Everyone knows the tiger is in decline. NGOs have been telling us that for years, using the big cat to ask for funds, promising to stop the hemmorhage even though very few NGOs have much to do with law enforcement. Everyone agrees law enforcement is key. “It’s our number one priority,” Zoellick told me during a launch party for this week’s event in 2008. An astounding 2.5 years ago, many of the same officials as in St. Petersburg this week met at the National Zoo in Washington, DC to “reverse decline in tiger numbers.” Harrison Ford was there that year. Bo Derek was there. Robert Duvall was there. So many reporters attended the event you couldn’t get near the speakers, who sat at a table in front of the zoo’s tiger exhibit.

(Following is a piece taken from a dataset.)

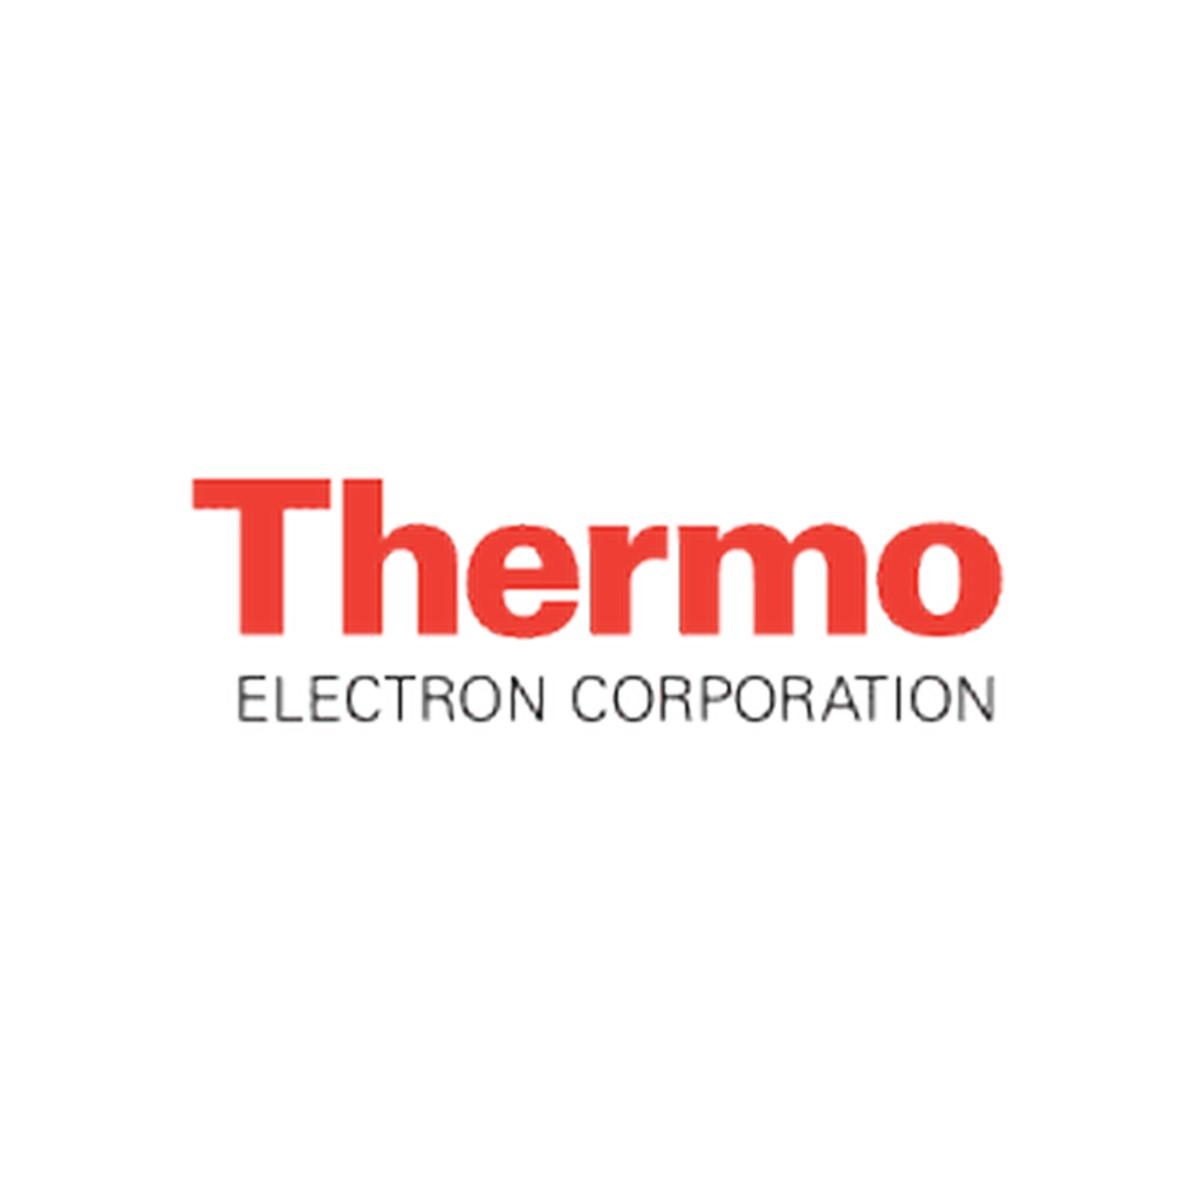 Thermo Electron
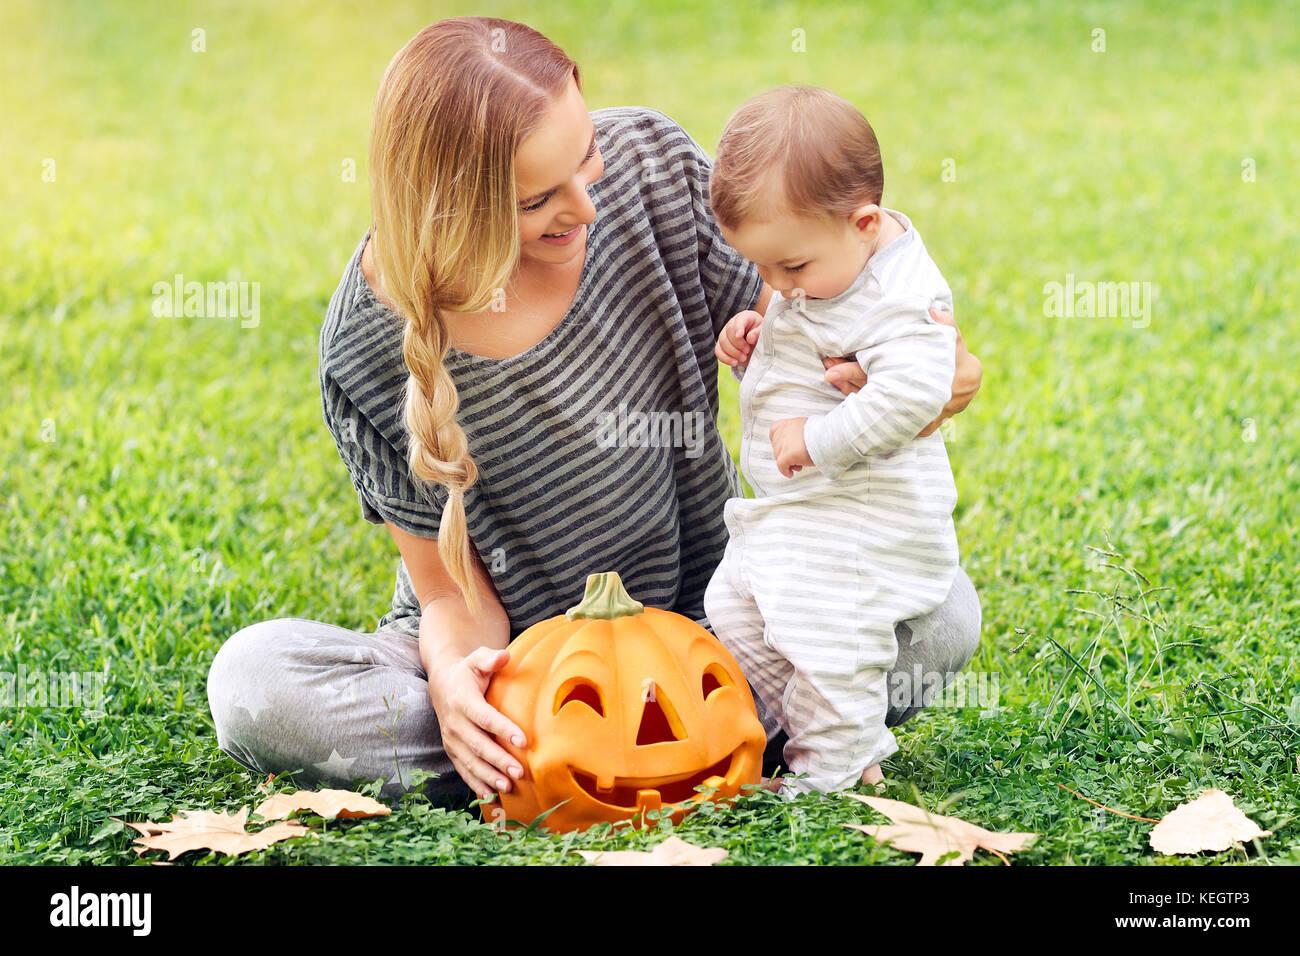 La famiglia felice celebrare Halloween all'aperto, madre con piccolo grazioso baby boy giocando con la zucca Immagini Stock

After their speeches, zoo staff brought out buckets of frozen blood for the tigers to play with. Except for me and some staff nobody stayed to watch. Nobody had time for the live tigers. The meeting broke for lunch and was supposed to reconvene at the World Bank that afternoon, but hardly anyone outside of the NGO world bothered with the second meeting. Zoellick was not there. The movie stars were gone. No reporters showed up. Expert after expert talked about declines, about cornerstone species, keystone species, umbrella species. The need for “tiger landscapes” and how protecting the tiger helps every species in its range. But then a senior World Bank official, contravening his boss, told the room the World Bank could not legally fund law enforcement. A few months later I traveled to Sumatra where a wildlife trader there said to me, “You want to protect the tiger? Let one go in your neighborhood and see who will protect it. If you want to protect the tiger you must give me a reason to save it.”
This month’s Tiger Summit has resulted in endorsement of a Global Tiger Recovery Program whose goal includes doubling the number of wild tigers by 2022. Without concrete benchmarks, that goal is fluff. Still, at the rate the group is going it should not be difficult to double the tiger population. In 2008 the group estimated the wild tiger population to be “around 4000.” This year they’re saying “about 3200.” The numbers get smaller every meeting. Keep that in mind because leaders this week could not decide how to parcel out the money, so they’ve agreed to four more meetings next year…
Wildlife trafficking may be the only area of major crime in the world where we let non-governmental organizations, individuals, and celebrities set international policy, funding, and enforcement priorities. It’s one thing if this were a supplement to existing law enforcement, but with few exceptions it’s not.